Unas horas después de concluir su visita a los jesuitas de la zona de Los Ángeles, el P. General se dirigía hacia su segunda jornada en la Provincia Oeste de los EE.UU, que sería Seattle. A su llegada, tras un vuelo de madrugada desde Los Ángeles, el P. General se encaminó directamente a Seattle Prep, para celebrar una reunión con los directores de las diferentes obras. Asistieron presidentes, directores y administradores de las obras que tiene la Compañía en el noroeste del Pacífico, que habían sido invitados a compartir sus experiencias con el P. Sosa. Después de una breve introducción, el P. General invitó a la asamblea a celebrar una Eucaristía en la capilla de Seattle Prep.

En su homilía el P. General hizo alusión a la diversidad de ministerios que se desarrollan el noroeste del Pacífico, y a las dificultades y luchas que muchos han debido afrontar. Sugirió que, para darles respuesta, hemos de pedir la virtud y la gracia de tener coraje. “El Evangelio de hoy me sugiere la virtud del coraje, especialmente al leerlo con ustedes, mujeres y hombres que tienen responsabilidades de liderazgo apostólico en la Compañía de Jesús, en esta zona noroeste de los Estados Unidos. Ustedes, como yo, necesitarán coraje, necesitarán un corazón fuerte, para recorrer el camino que el Espíritu está empezando a indicarnos”.

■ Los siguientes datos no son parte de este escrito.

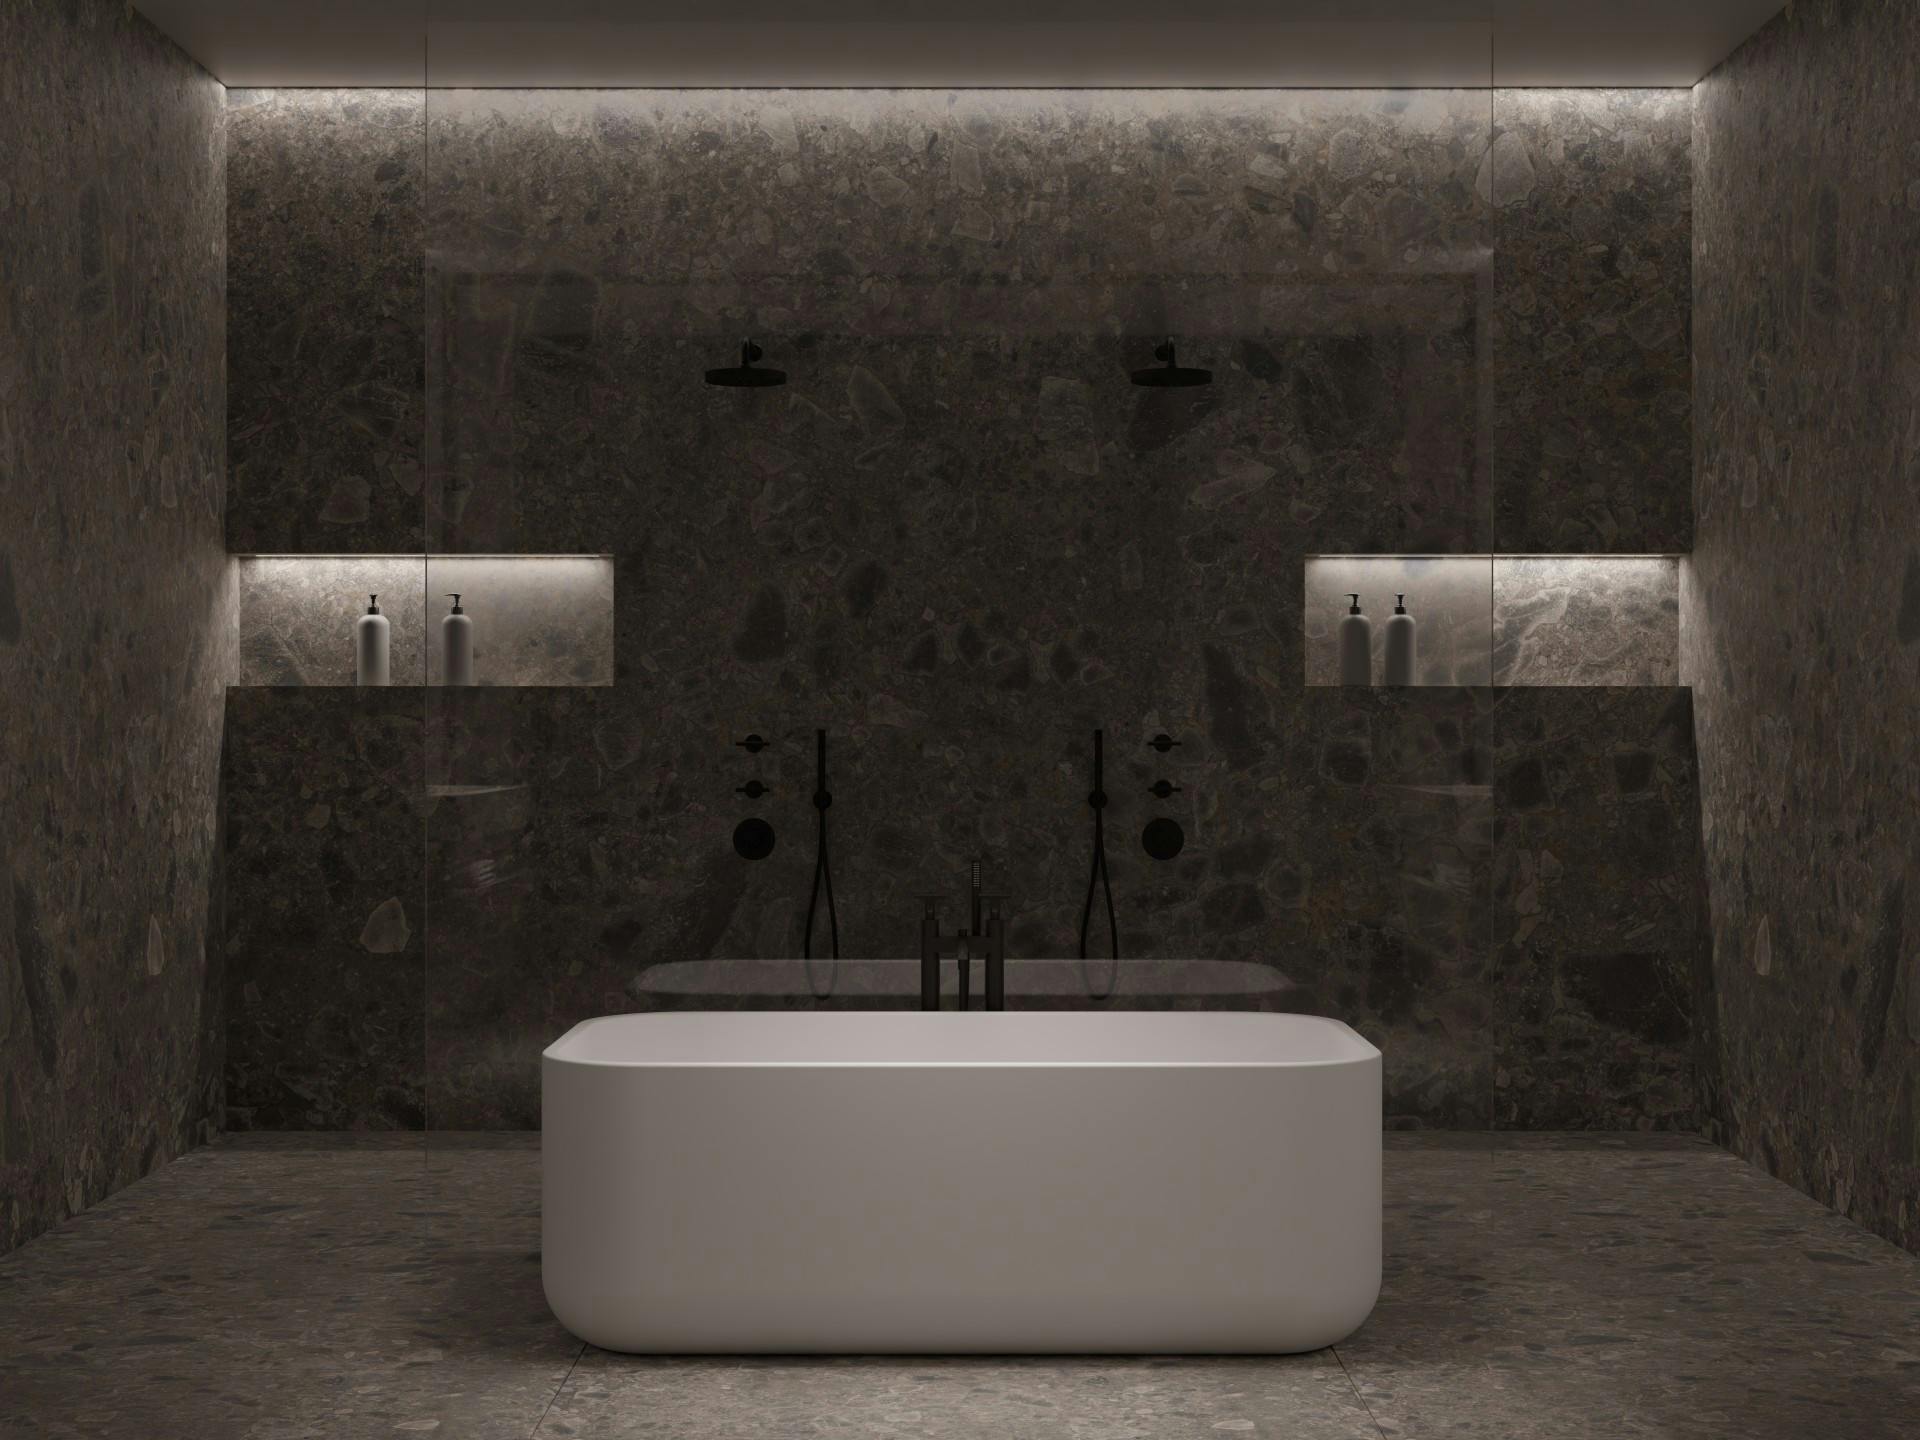 Numero immagine 34 della sezione corrente di The Cave: a bathroom designed by Colin Seah that pays homage to primitive rituals di Cosentino Italia

El hecho de que el Padre General mencionase el coraje marcó el tono de la reunión. Los laicos y jesuitas allí reunidos, comenzaron a hablar de sus trabajos con los nativos de Alaska, de los estudiantes desde la primaria hasta la universidad, de las parroquias, los centros de espiritualidad y de los retiros de todo tipo que organizan, situándolo todo en el marco de la estructura de las Preferencias Apostólicas Universales. Jennifer Doolittle, directora, presentando su dedicación a la juventud, comentó el carácter único de la región norte de la Provincia Oeste de los Estados Unidos: “Nuestro trabajo surge de la necesidad de contacto personal. No necesitamos que se nos ocurra una genial teoría para trabajar con los jóvenes, sino caminar con ellos. No tenemos que llegar a elaborar una teoría de la lucha contra la pobreza, sino estar personalmente entre los pobres. No tenemos que llegar a inventar una teoría sobre la degradación del medio ambiente, sino arremangarnos y luchar”.

Uno de los participantes, buscando conectar todos los ministerios presentes, recordó algo mencionado en la homilía del P. General: “Somos un cuerpo apostólico en proceso de conversión personal, comunitario e institucional, que camina hacia un compañerismo más íntimo con Jesús pobre y humilde, y eso requiere coraje. Las preferencias no se refieren sólo a lo que hacemos. Tienen que ver sobre todo con quiénes somos, gente en movimiento, guiada por el Espíritu, que confía en el Evangelio e intenta cambiar sus formas de servir mejor a la misión de Cristo en el mundo de hoy”. Al recorrer con la mirada la sala en que nos encontrábamos, esas palabras no podían ser más ciertas.

Podría haber resultado abrumadora la escucha de los directores de obra, cuando iban describiendo las oportunidades y los desafíos que afrontan en su trabajo, sobre todo porque trabajan en una Provincia muy joven que lucha por encontrar su identidad. Sin embargo, al final de la reunión los asistentes vivían un cierto sentimiento de redescubrir su objetivo. El P. General lo resumía así: “Llevemos con gran valentía nuestras esperanzas y sueños, nuestros talentos y habilidades, nuestras instituciones y nuestras redes, sean los que sean los panes y peces que tengamos, ante el altar del Señor. Confiemos en que él los tomará, los bendecirá y los compartirá con otros de maneras magníficas que no esperamos”.